Recorded information:
"""

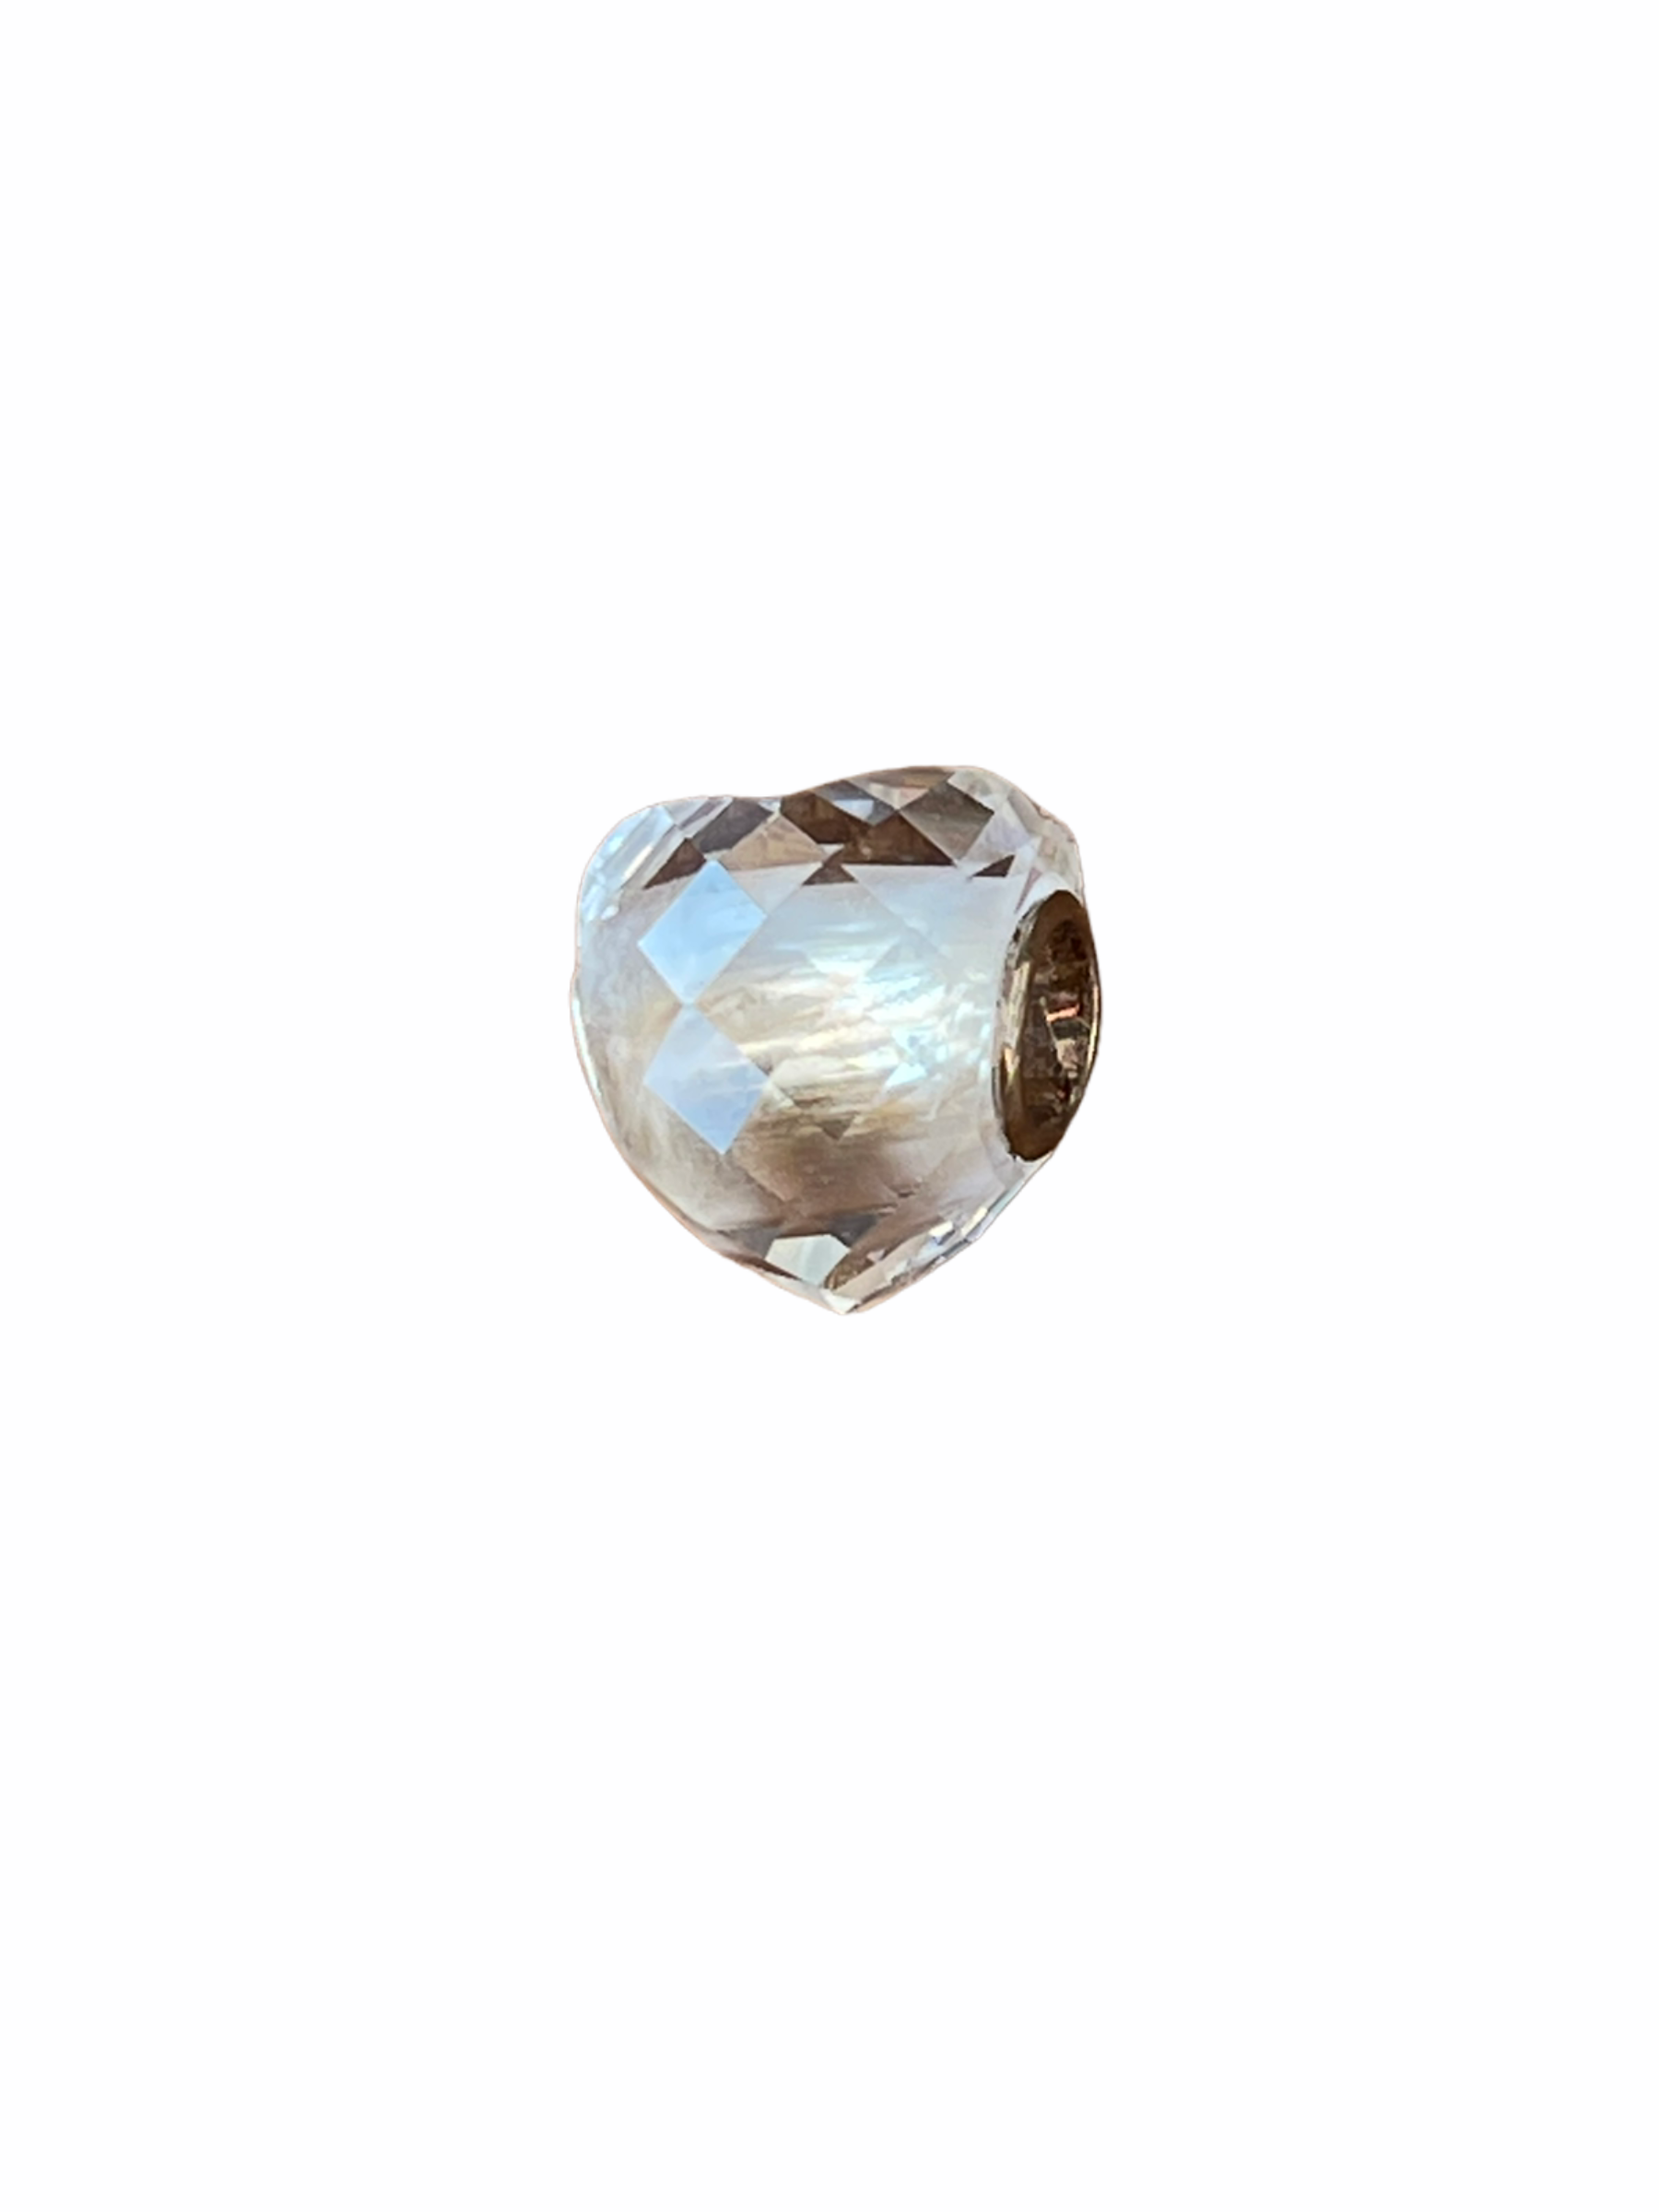 Clear Quartz Heart Bead Valkyrie Gems Beads 2
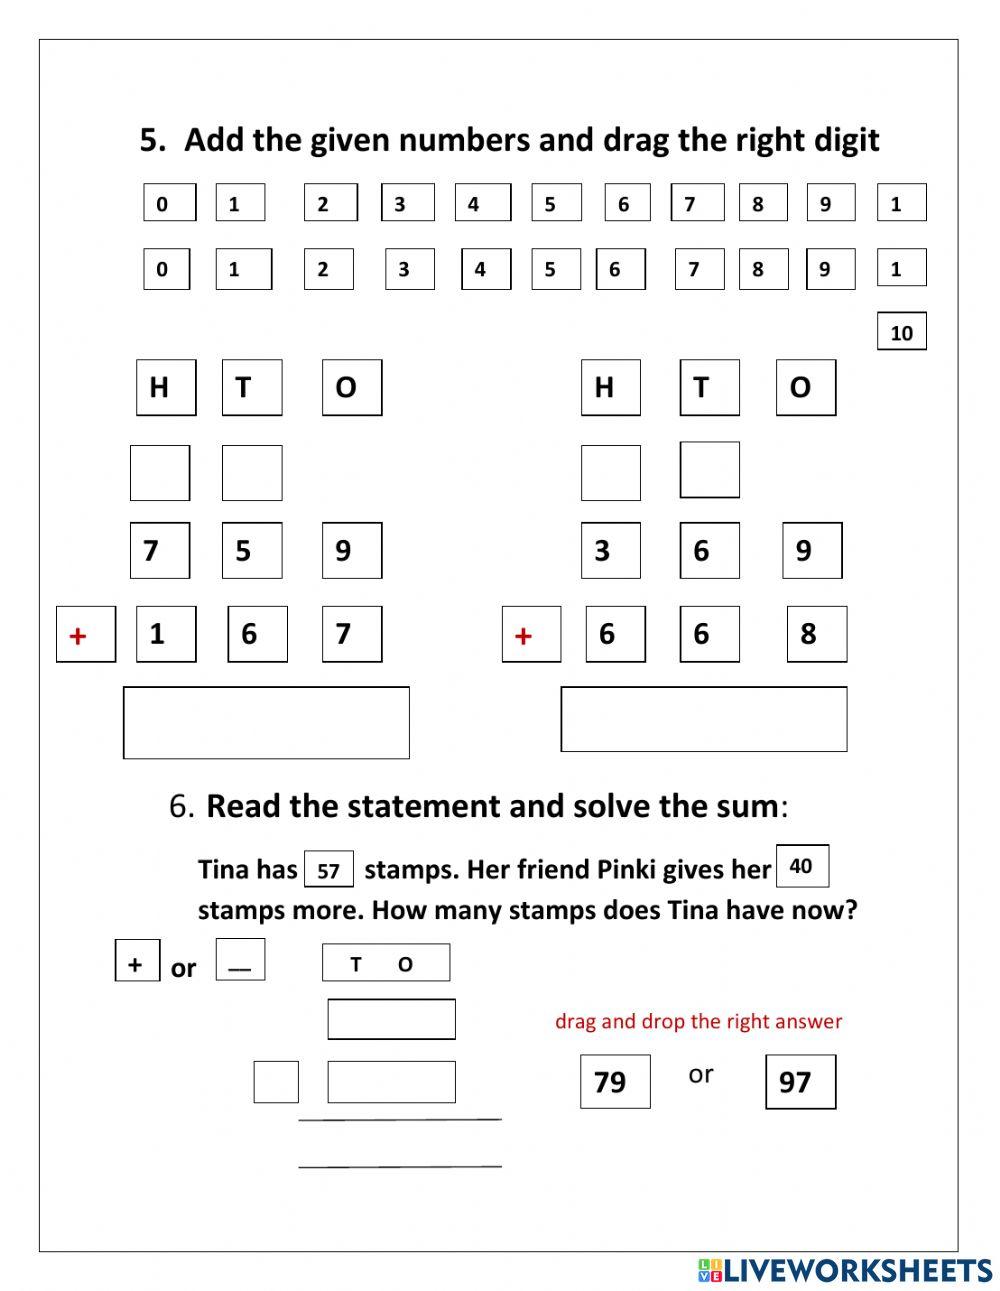 Worksheet of math
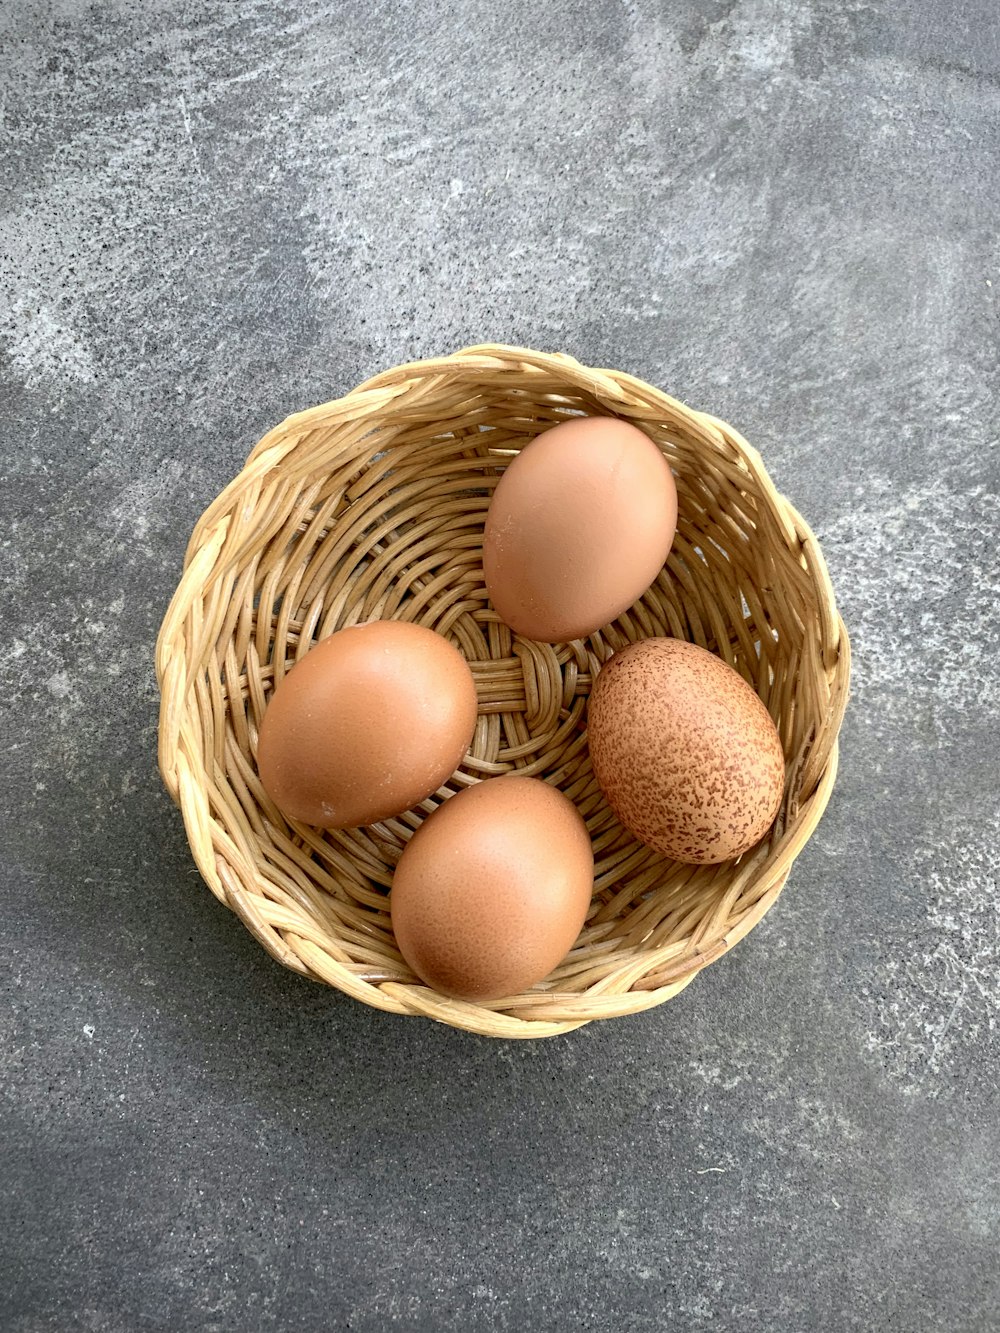 brown eggs in brown woven basket
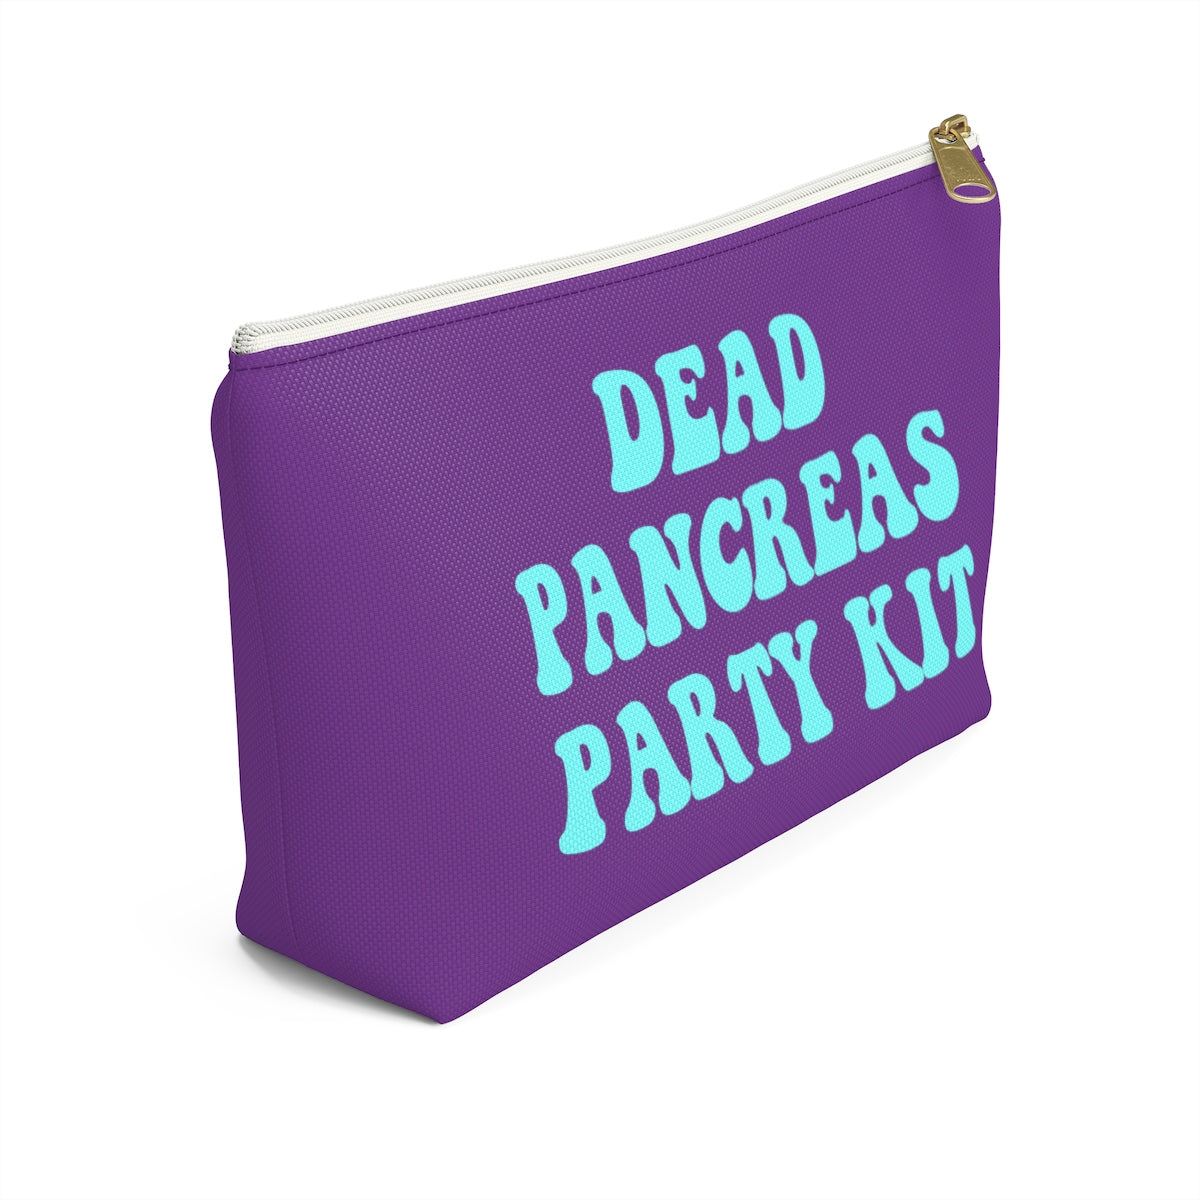 Dead Pancreas Party Kit Bag, Diabetes Supply Bag, Fun Diabetic Supply Case, Cute Carrying Bag Gift, Type 1 Diabetes Accessory Zipper Pouch w T-bottom Starcove Fashion

"""

About this task: Skip the images and set down the rest of the data unchanged.

Reply to the exercise:
 Clear Quartz Heart Bead Valkyrie Gems Beads 2
 Worksheet of math
 brown eggs in brown woven basket
 Dead Pancreas Party Kit Bag, Diabetes Supply Bag, Fun Diabetic Supply Case, Cute Carrying Bag Gift, Type 1 Diabetes Accessory Zipper Pouch w T-bottom Starcove Fashion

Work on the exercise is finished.